Methods Left superficial caudal epigastric skin flaps (3 × 6 cm) were performed in 28 Wistar rats that were divided into four groups. The flaps elevated in the animals of the control group did not suffer any ischemic insult, and the vascular pedicle was not cut. All other flaps were subjected to 8 hours of ischemia prior to revascularization: I/R control group (8 hours of ischemia), I/R scaffold group (8 hours of ischemia + collagen type I scaffold), and I/R scaffold–ASCs group (8 hours of ischemia + collagen type I scaffold with rat ASCs embedded). Transit-time ultrasound blood flow measurements were performed. After 7 days, the areas of flap survival were measured and tissues were stained with hematoxylin/eosin and Masson's trichrome stain for histological analysis.

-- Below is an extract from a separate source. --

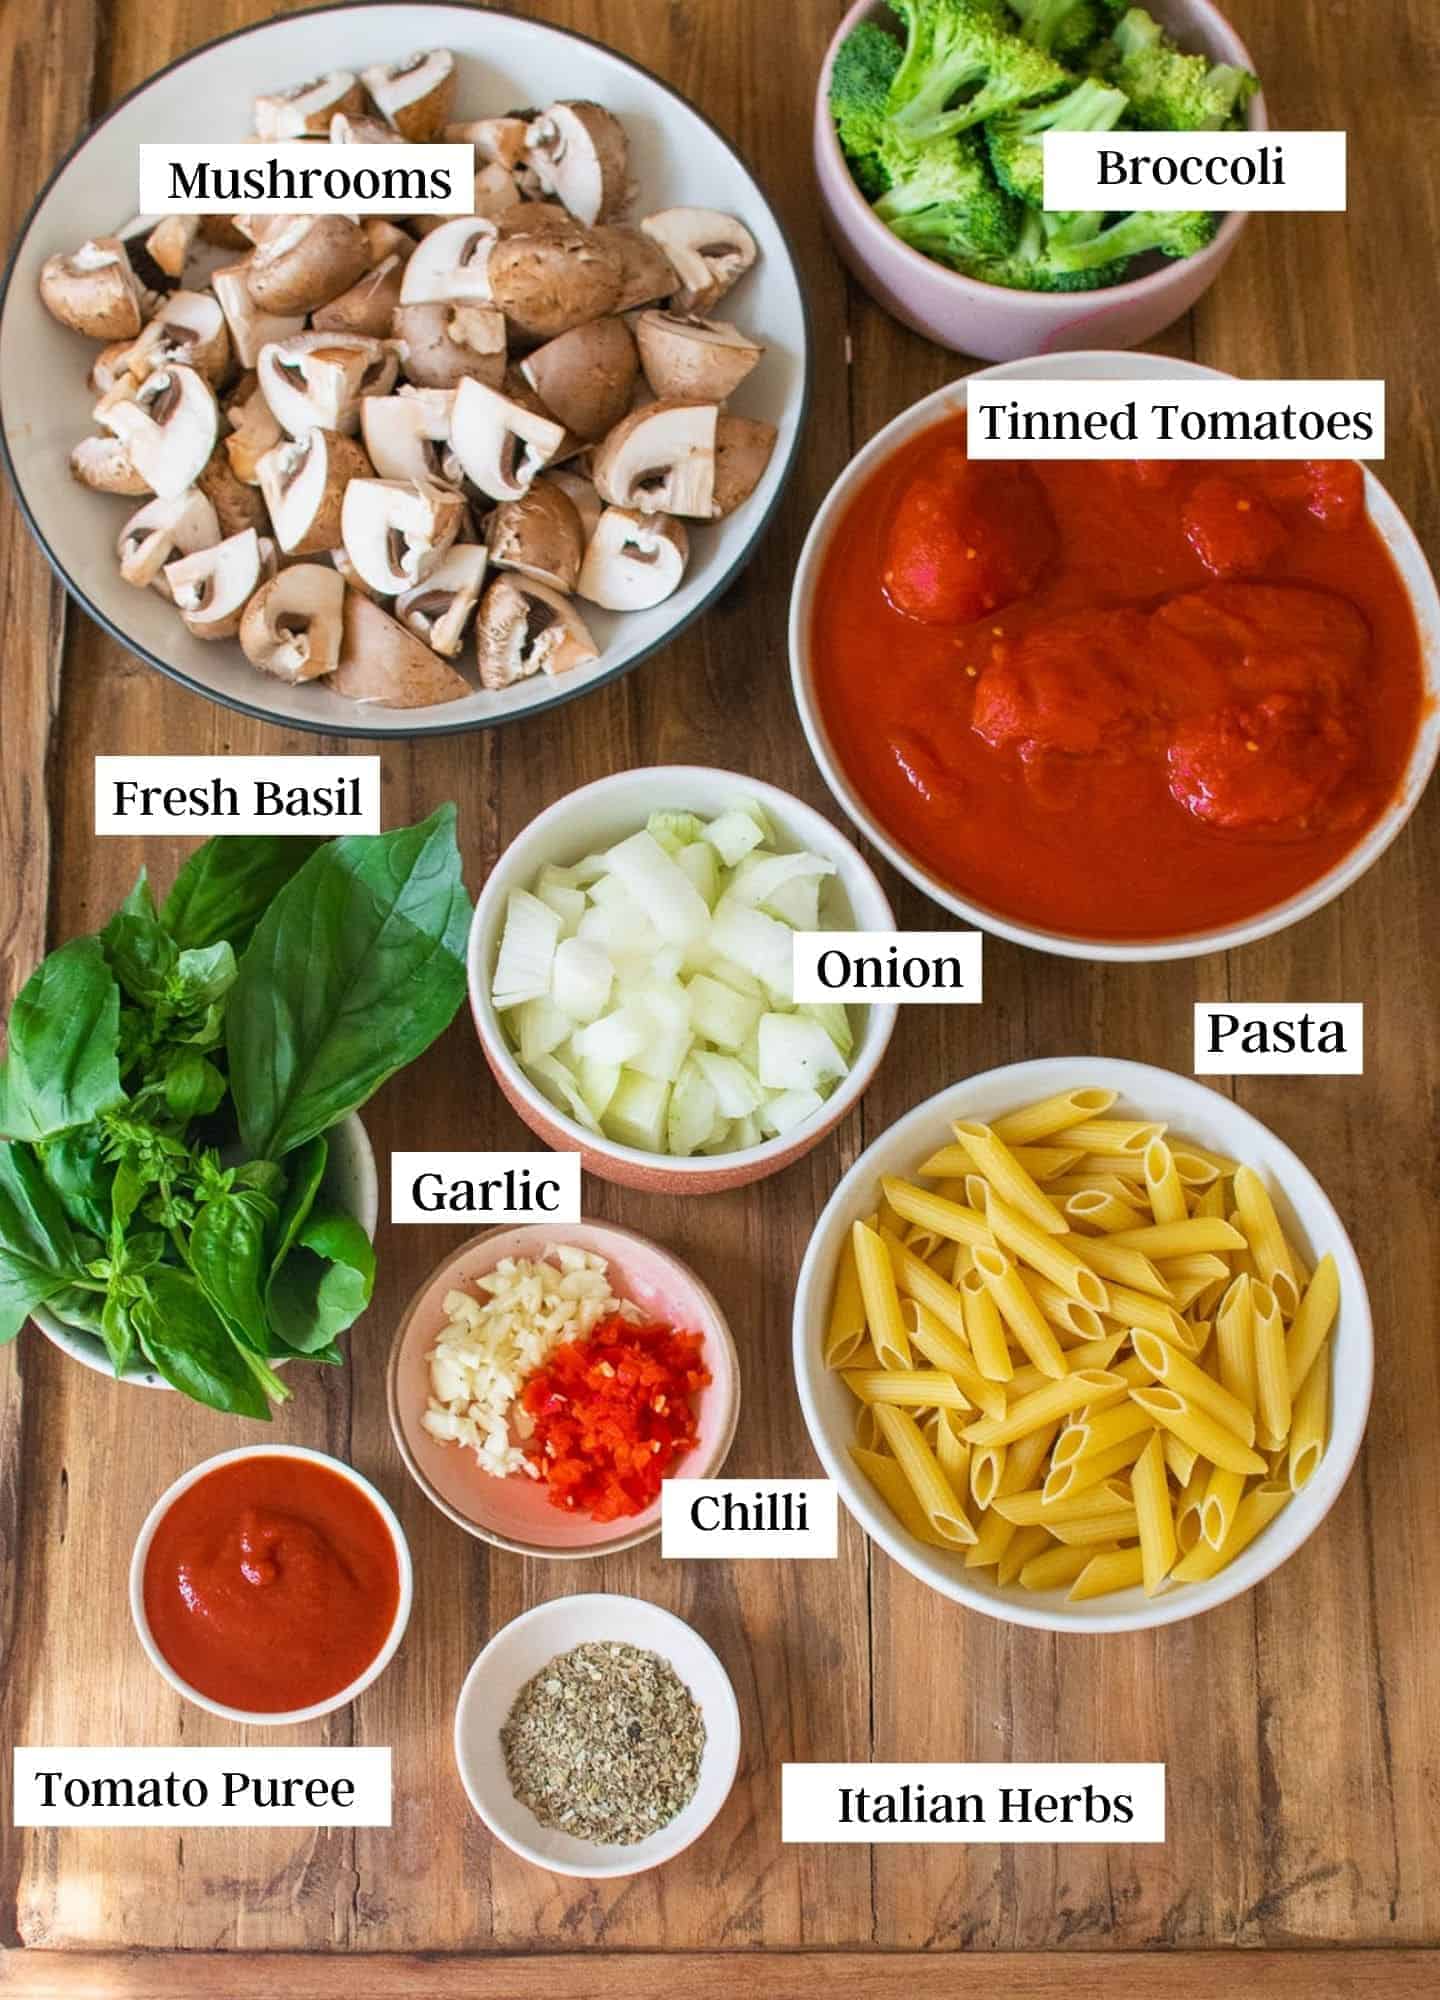 All of the ingredients for this recipe laid out on the table, and each item is labelled. It shows broccoli, tomatoes, mushrooms, onion, basil, chilli, garlic, pasta. tomato puree and Italian herbs

Results The mean percentage flap survival area was significantly higher in the ASCs-treated flaps (I/R scaffold–ASCs group) compared with the ischemic controls (I/R control group and I/R scaffold group). Higher vascular proliferation and lower severity of necrosis and inflammatory changes were seen histologically in the samples of the ASCs-treated group. No significant difference in blood flow was detected between groups.
Conclusion Subcutaneous administration of ASCs embedded on a collagen type I scaffold reduces tissue damage after I/R injury in microvascular free flaps.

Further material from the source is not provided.